O julgamento deve demorar cerca de dois anos, já que o caso terá de passar por três instâncias. Nenhum dos acusados estará presente ao julgamento. Mas, terminado o processo e em caso de condenação, o juiz poderia pedir a extradição do militar para que cumpra sua pena na Itália. Procurados, nenhum dos advogados dos acusados respondeu aos pedidos de entrevista.
Morte de dois argentinos envolveu o governo brasileiro
No dia 12 de março de 1980, Horário Campiglia foi sequestrado no Aeroporto do Galeão, no Rio de Janeiro. Ele chegava do Panamá. O argentino com nacionalidade italiana era do comando dos Montoneros organização político-militar argentina de guerrilha urbana.

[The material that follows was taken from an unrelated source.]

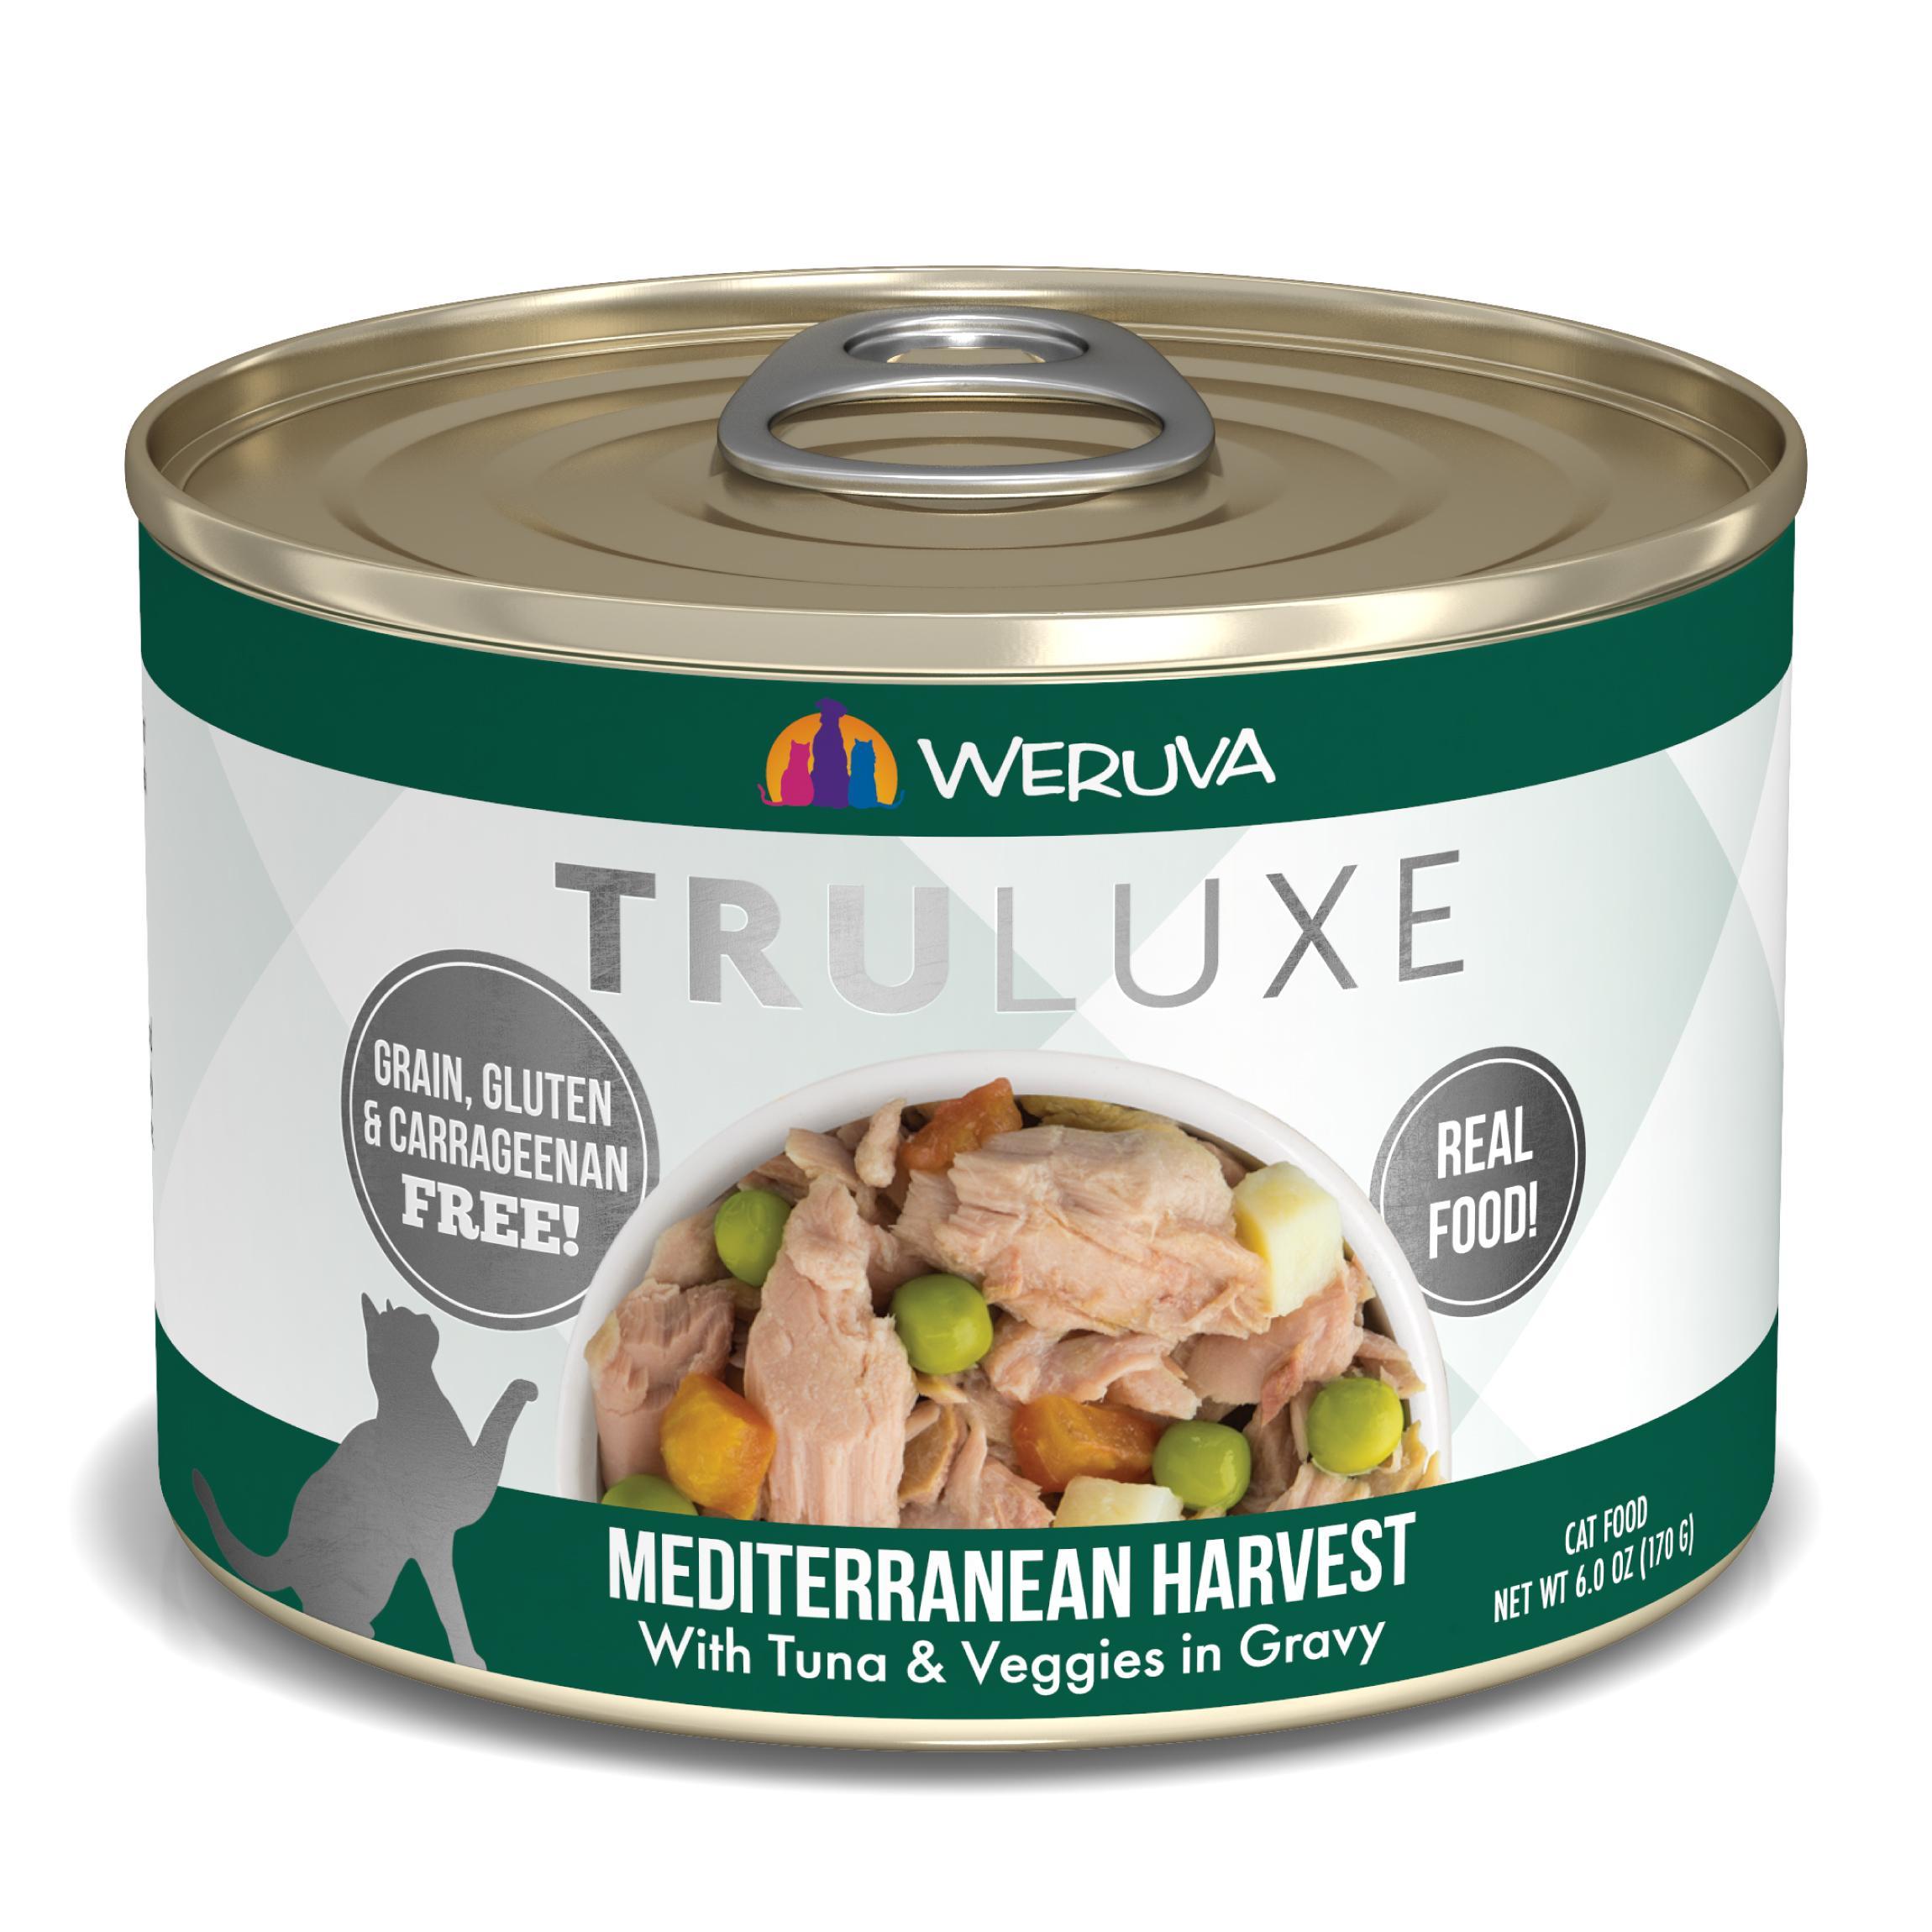 Weruva Cat Truluxe Mediterranean Harvest with Tuna & Veggies in Gravy Grain-Free Wet Cat Food, 6-oz
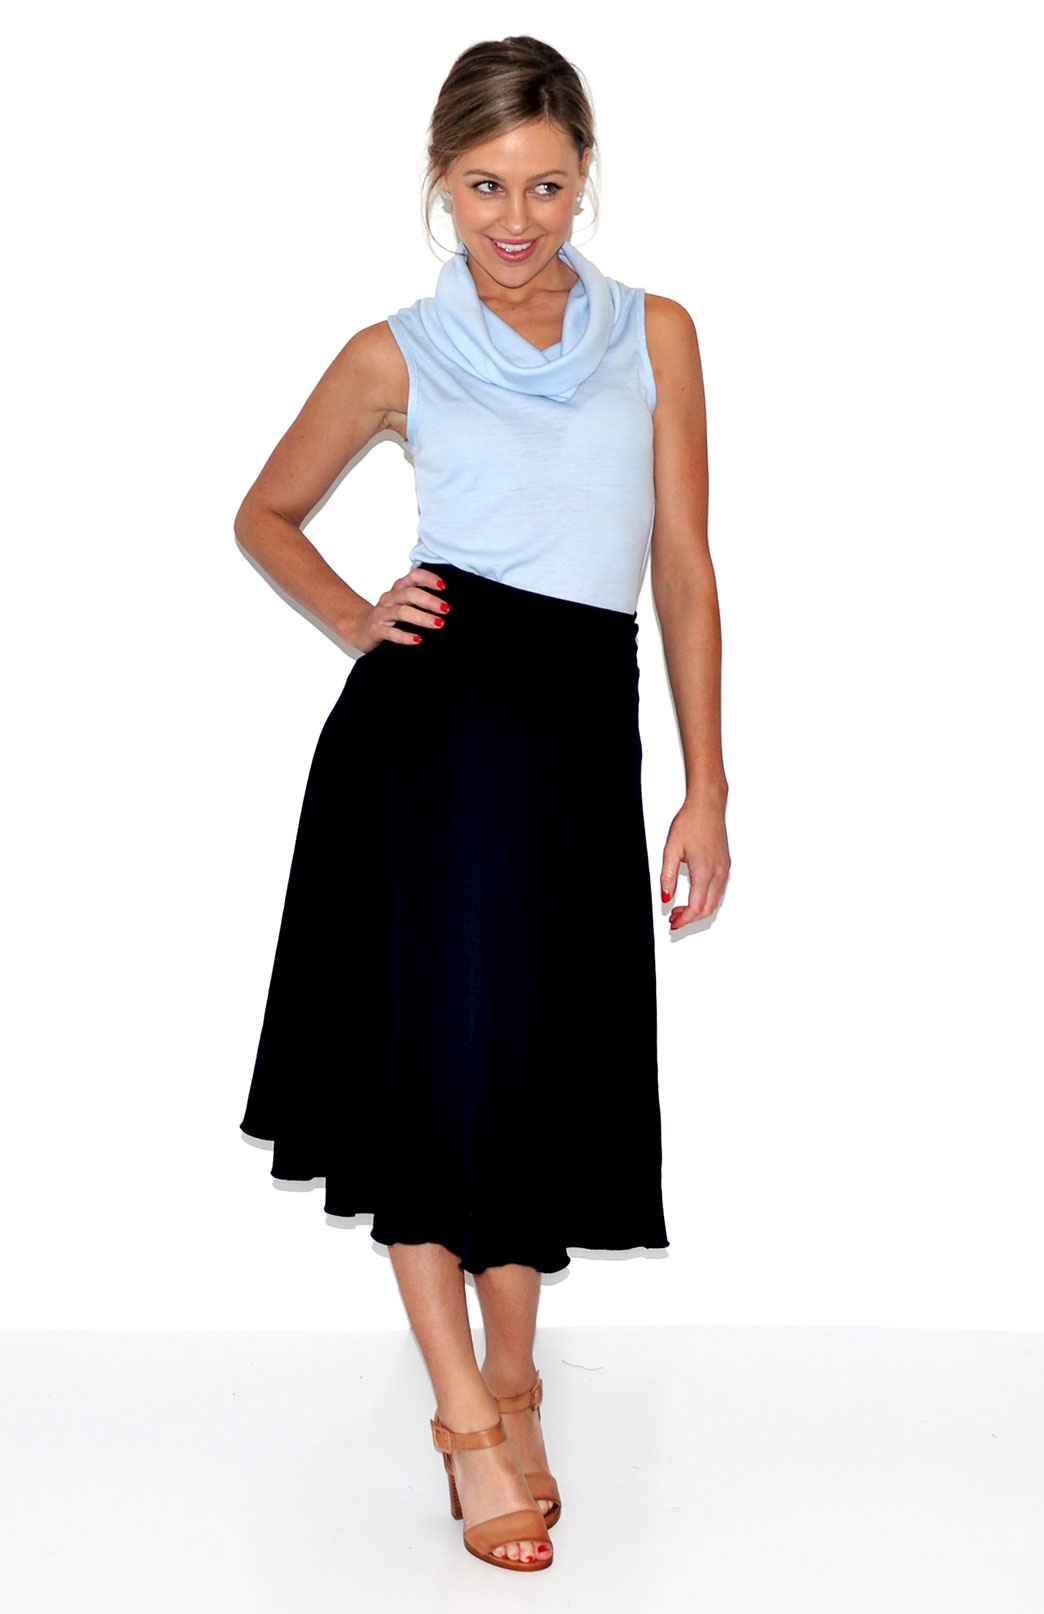 Cowl Neck Top - Sleeveless - Women's Icy Blue Sleeveless Trans-Seasonal Wool Top - Smitten Merino Tasmania Australia

Horário foi preso com sua companheira, Mónica Pinus de Binstock. A inteligência argentina havia recebido informações de que ambos, que viviam no México, estariam planejando uma volta a Buenos Aires a fim de poder liderar as ações a partir de território argentino. Ambos foram capturados, levados de volta à Argentina em um C-130 das Forças Aéreas do país vizinho e encaminhados para a prisão clandestina Campo de Mayo. Horário jamais reapareceria.
Uruguaiana
No dia 26 de maio de 1980, o argentino Lorenzo Viñas foi sequestrado em Uruguaiana, no Rio Grande do Sul, e jamais seria visto de novo. Ele também era militante dos Montoneros. Estudante de Ciências Sociais, Lorenzo se exilou no México em 1976, viajando com sua mulher, Claudia Olga Allegrini. Em 1979, o casal voltou para a Argentina. Mas a perseguição continuou e os dois optaram por buscar novo exílio. Desta vez, o destino seria a Itália, já que o militante também tinha nacionalidade italiana. Lorenzo embarcou de ônibus em Buenos Aires em direção ao Rio.
Sua mulher faria o mesmo percurso um mês depois e o plano era que se encontrassem no Rio. Mas ela jamais o encontraria.